Council unanimously endorsed a review of Local Planning Policy 6.11 – Trees and Development, as well as the creation of a register for significant trees that are required to be retained as part of a development. Under Clause 5.5.5 of the City’s Local Planning Scheme (LPS3) variations to development standards are possible where a significant tree is retained on site as part of a development.
Mayor Mark Irwin said today that Council was committed to doing more to increase tree canopy coverage across the City.
“The City of Stirling is one of the most advanced local governments in Western Australia in monitoring tree canopy, and due to developments on private land this canopy coverage is falling,” he said.
“Our Urban Forest Plan 2019 sets out an ambitious target of increasing the 12.6 per cent coverage in 2018 to 18 per cent in 2040. However, the latest analysis conducted by the City shows that the coverage fell to 12.2 per cent in 2020-21.
“The City is currently developing further plans and programs for the financial year 2022/23 budget that will bring Policy 6.11 up to a sector-leading position, and these new incentives to retain significant trees are an important step in that direction.
“Having your DA brought to the front of the queue because you’ve retained a significant tree is a massive incentive, because time is money. As we review our Trees and Development Policy, we will be looking for other, stronger actions Council can take.”
Director Planning and Development Stevan Rodic stated today that tree canopy loss was an issue for the whole Perth metropolitan region, and that the City endorsed calls for a consistent mechanism to further incentivise the retention of mature trees on private land.

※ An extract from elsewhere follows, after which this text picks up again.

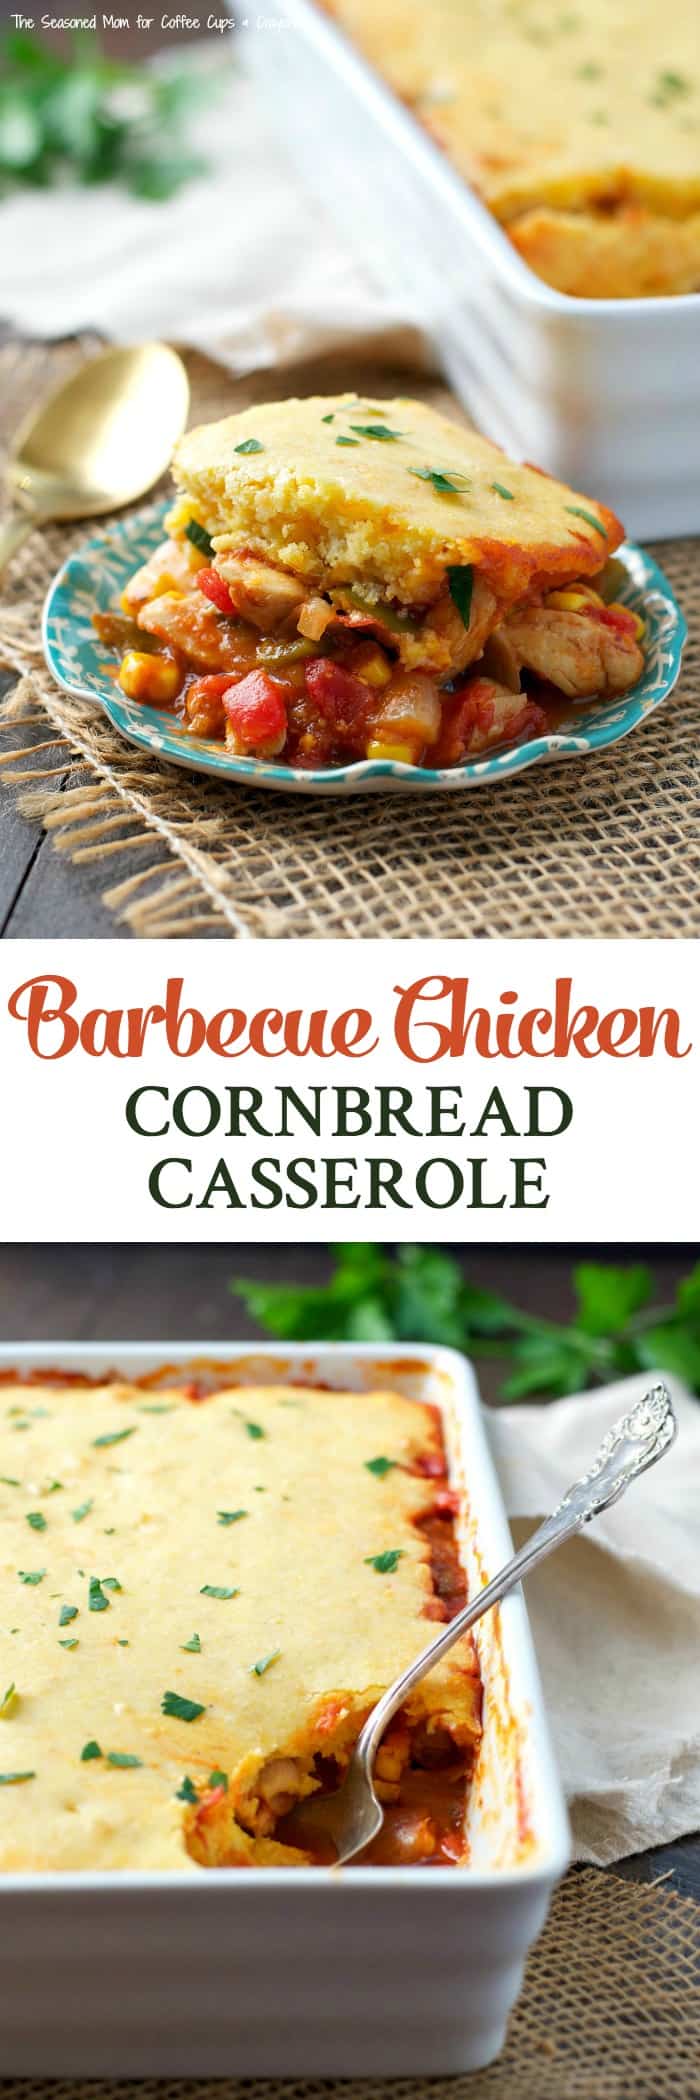 Barbecue Chicken Cornbread Casserole

“Planting trees as part of a development has become widely accepted by the community and the development industry,” he said.
“However, two-thirds of all tree canopy cover loss in the City has been on private land – both via development of residential properties and significant tree pruning – and so planting alone will not adequately replace the tree canopy loss.
“In October 2017, Council adopted Local Planning Policy 6.11 - Trees and Development (the Trees and Development Policy) and changes to LPS3 to require the provision of trees (either through retention or planting) in developments.
“Additional controls have also has been introduced by Council into LPS3 that allow scheme requirements to be varied where a significant tree is retained on private land.”
The WA Local Government Association (WALGA) has previously stated in a submission to the State Government’s proposed planning reform that Local Governments understand the loss of mature trees in urban areas. Combined with the impacts of climate change, this is contributing to creating hotter cities, suburbs and regional centres.
As well as lessening the impact of the urban heat island effect and increasing resilience to a changing climate, improving tree canopy cover increases neighbourhood liveability and amenity, improves air quality, assists to conserve biodiversity and contributes positively to psychological and emotional wellbeing.
WALGA has proposed – and the City of Stirling is supportive of this position – that a collaboration between the Western Australian Planning Commission (WAPC) and the sector be formed to develop a consistent and effective mechanism within the planning system to protect mature urban trees on private land.